### Work instructions
When you reach the line with "Nicolas Vahé - Mayonaise, fresh basil" in the listing below, transcribe it and each line after it up to and including the line with "Oshkosh B'gosh Girls", exactly and with nothing else.

### Data to use
|---|
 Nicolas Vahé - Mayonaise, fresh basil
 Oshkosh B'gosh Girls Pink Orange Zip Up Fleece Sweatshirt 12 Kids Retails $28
|---|
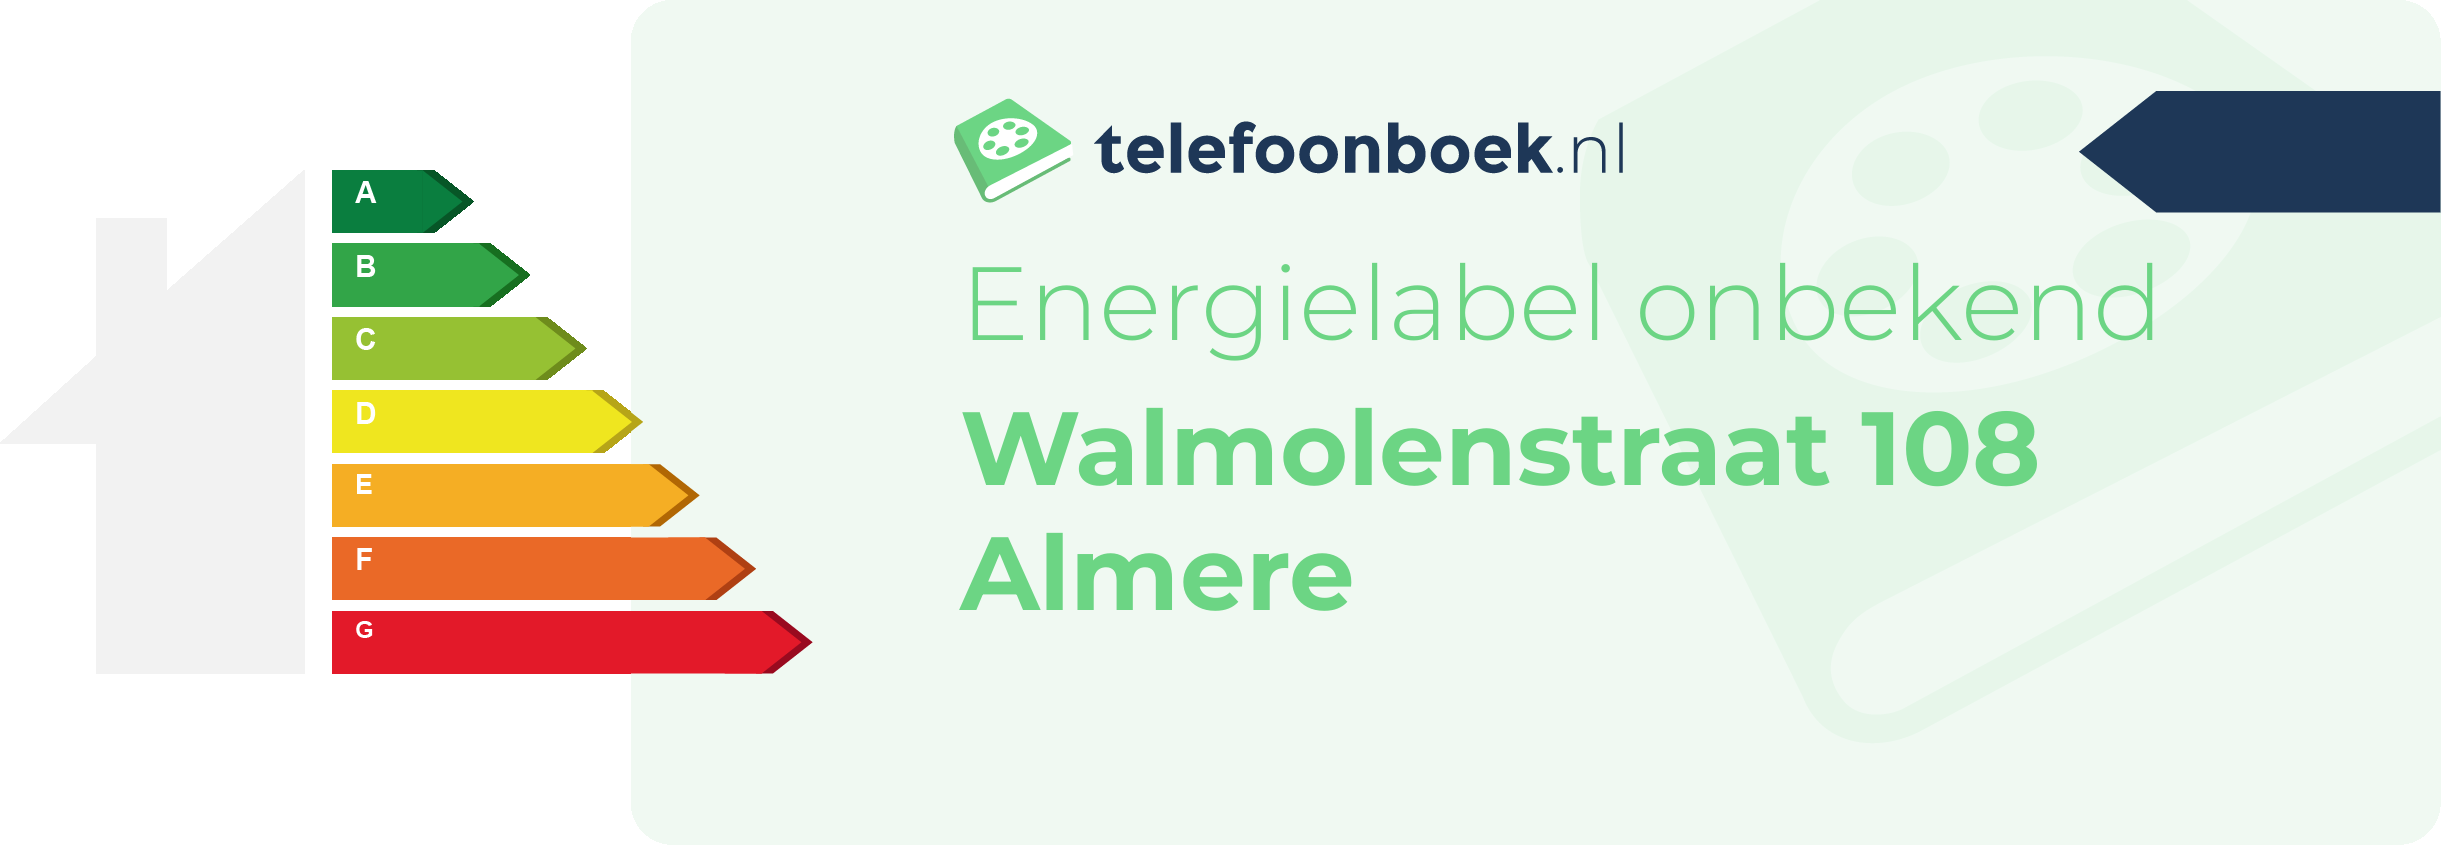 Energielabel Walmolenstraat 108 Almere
|---|
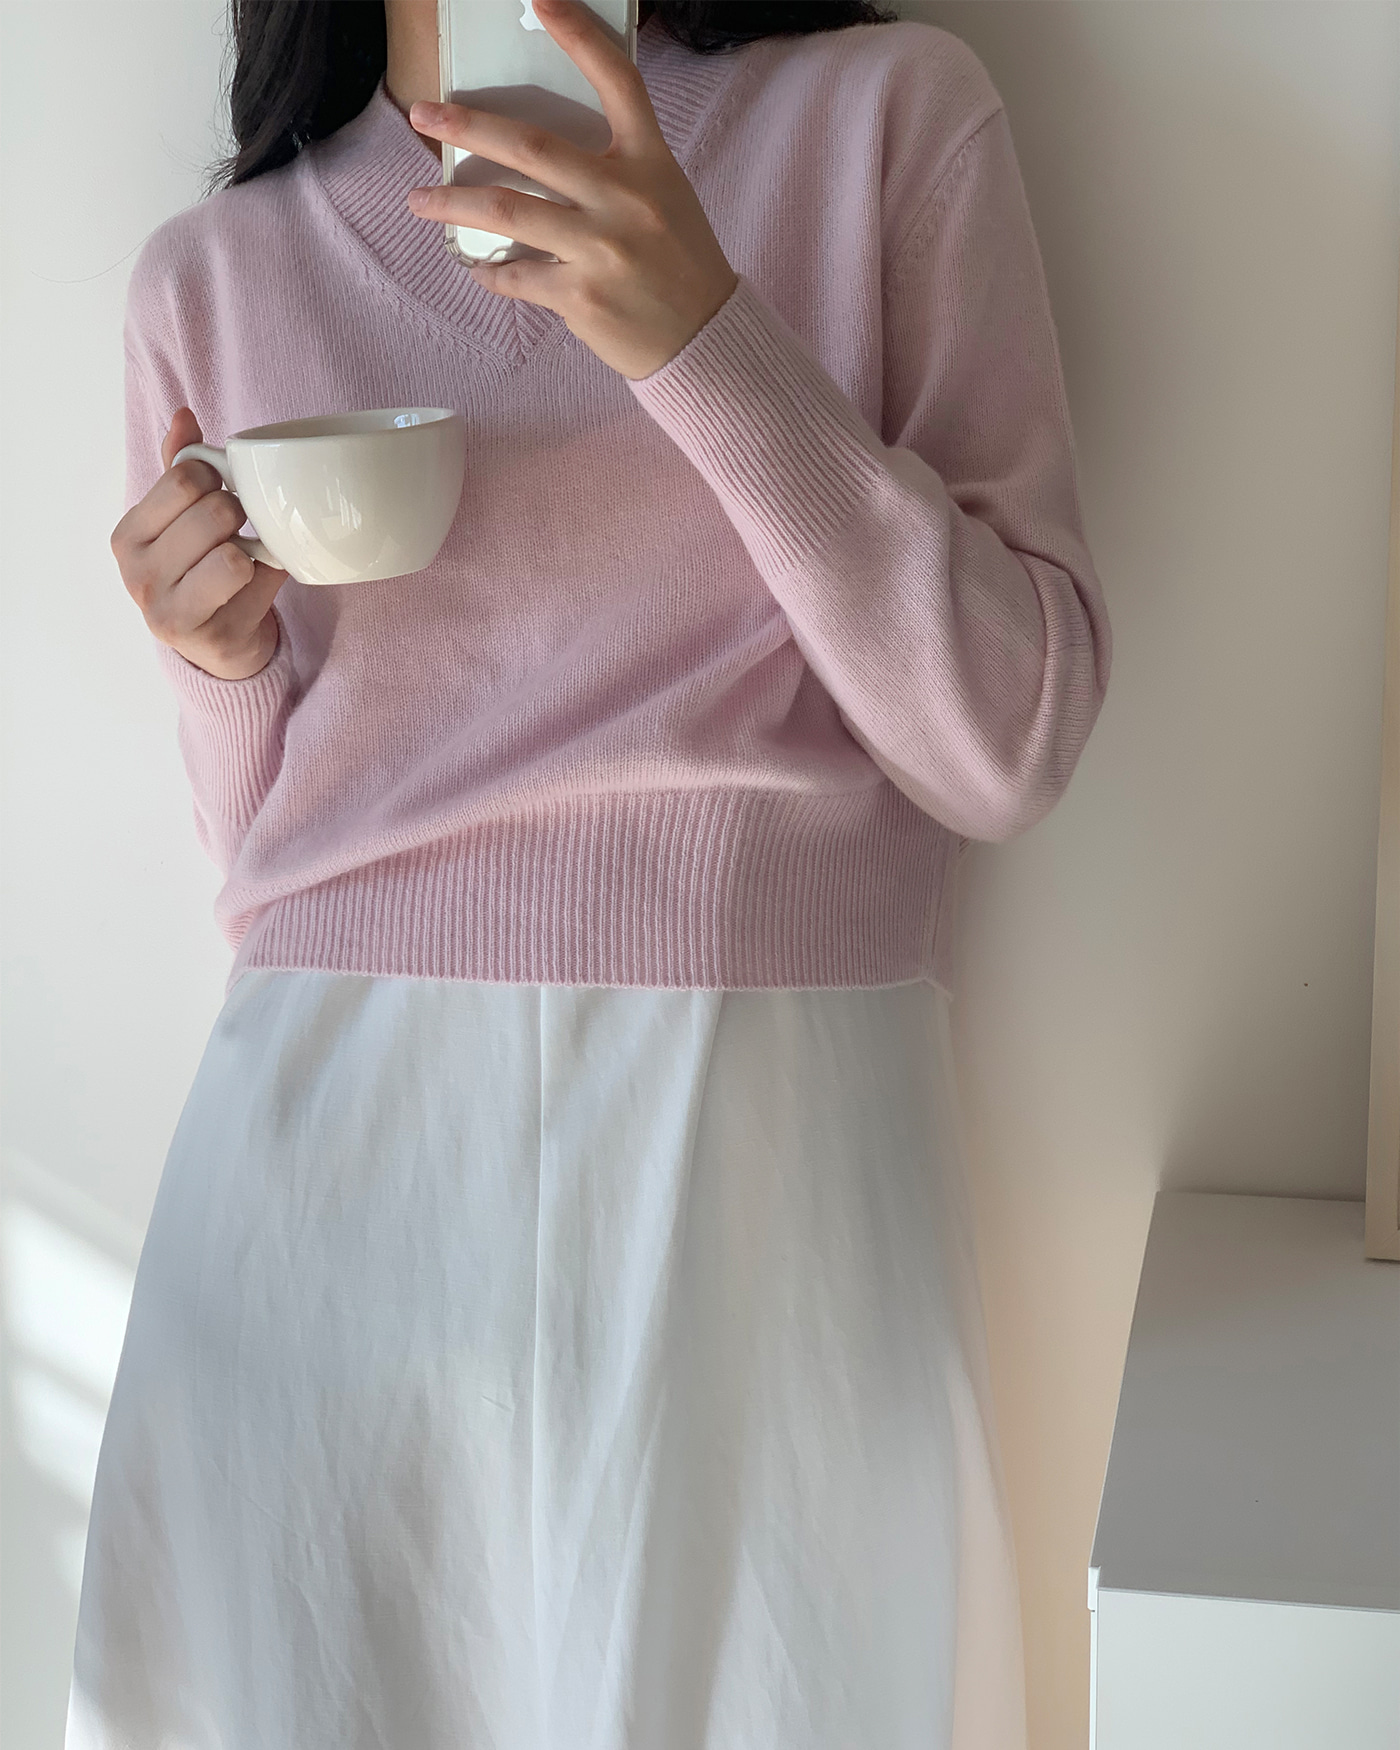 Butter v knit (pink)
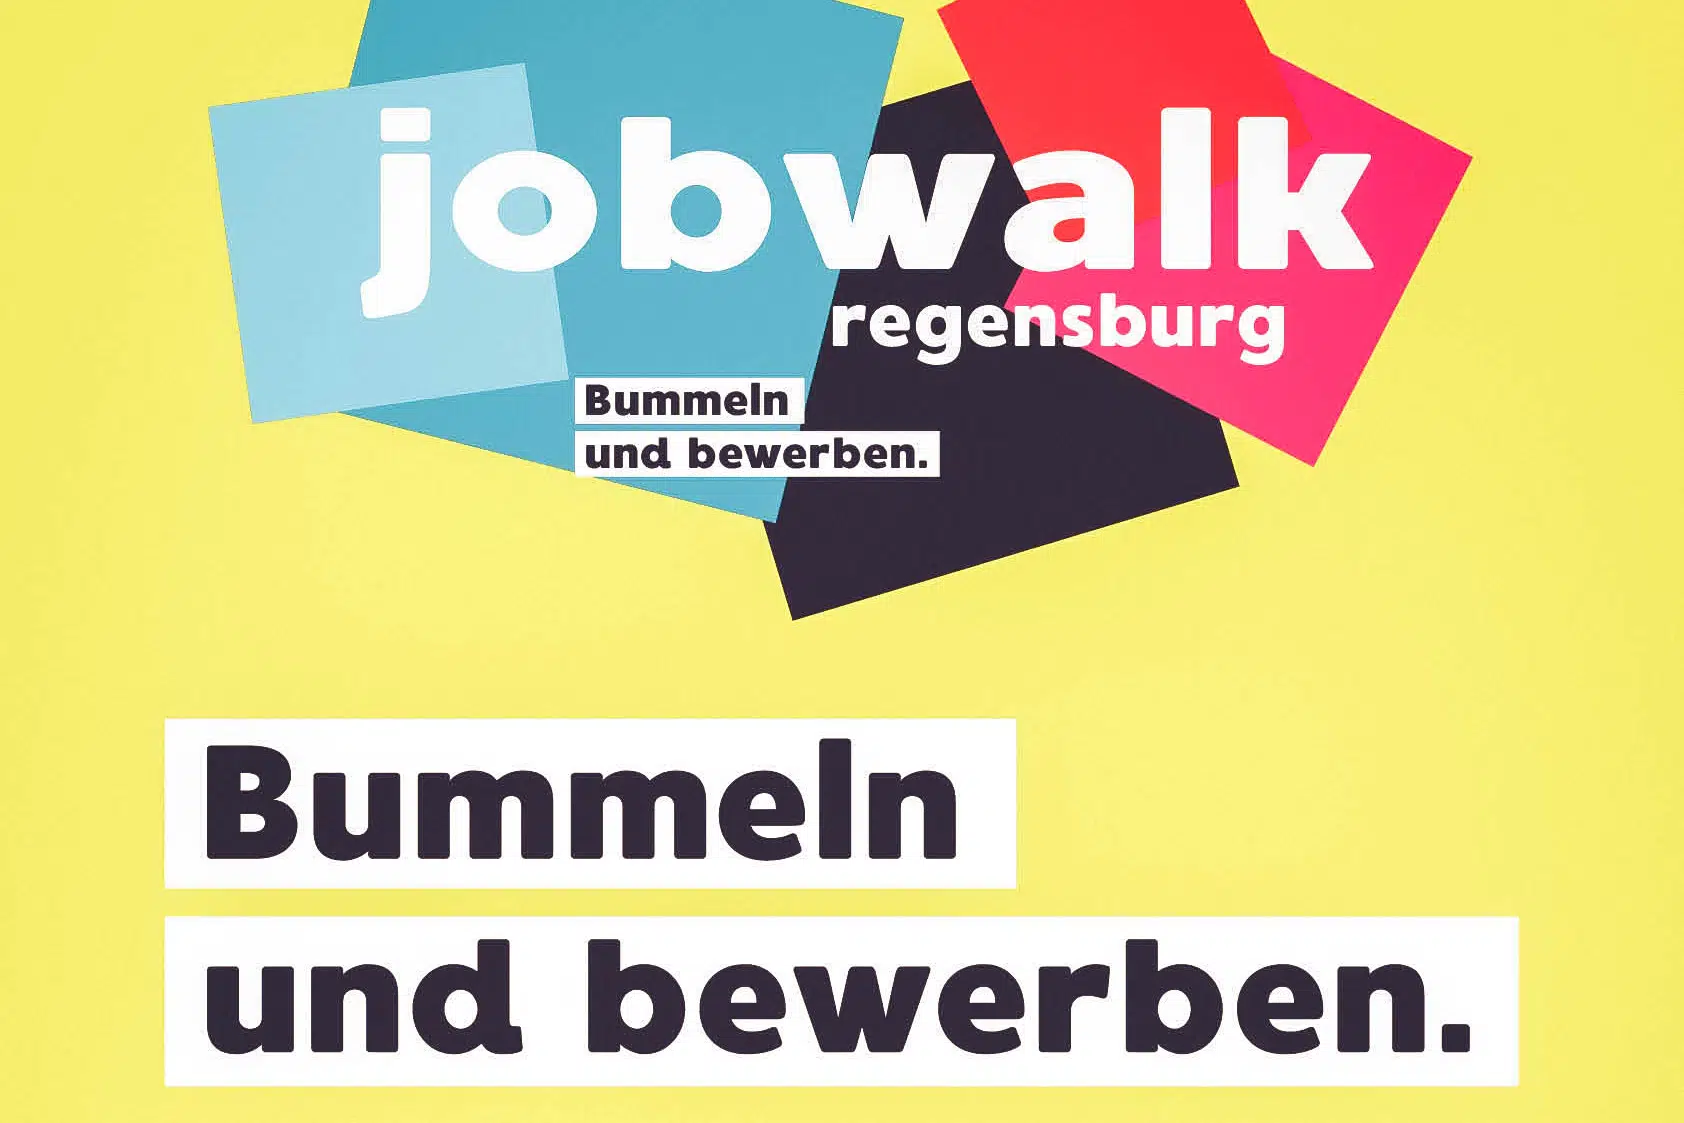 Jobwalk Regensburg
|---|
### Response
 Nicolas Vahé - Mayonaise, fresh basil
 Oshkosh B'gosh Girls Pink Orange Zip Up Fleece Sweatshirt 12 Kids Retails $28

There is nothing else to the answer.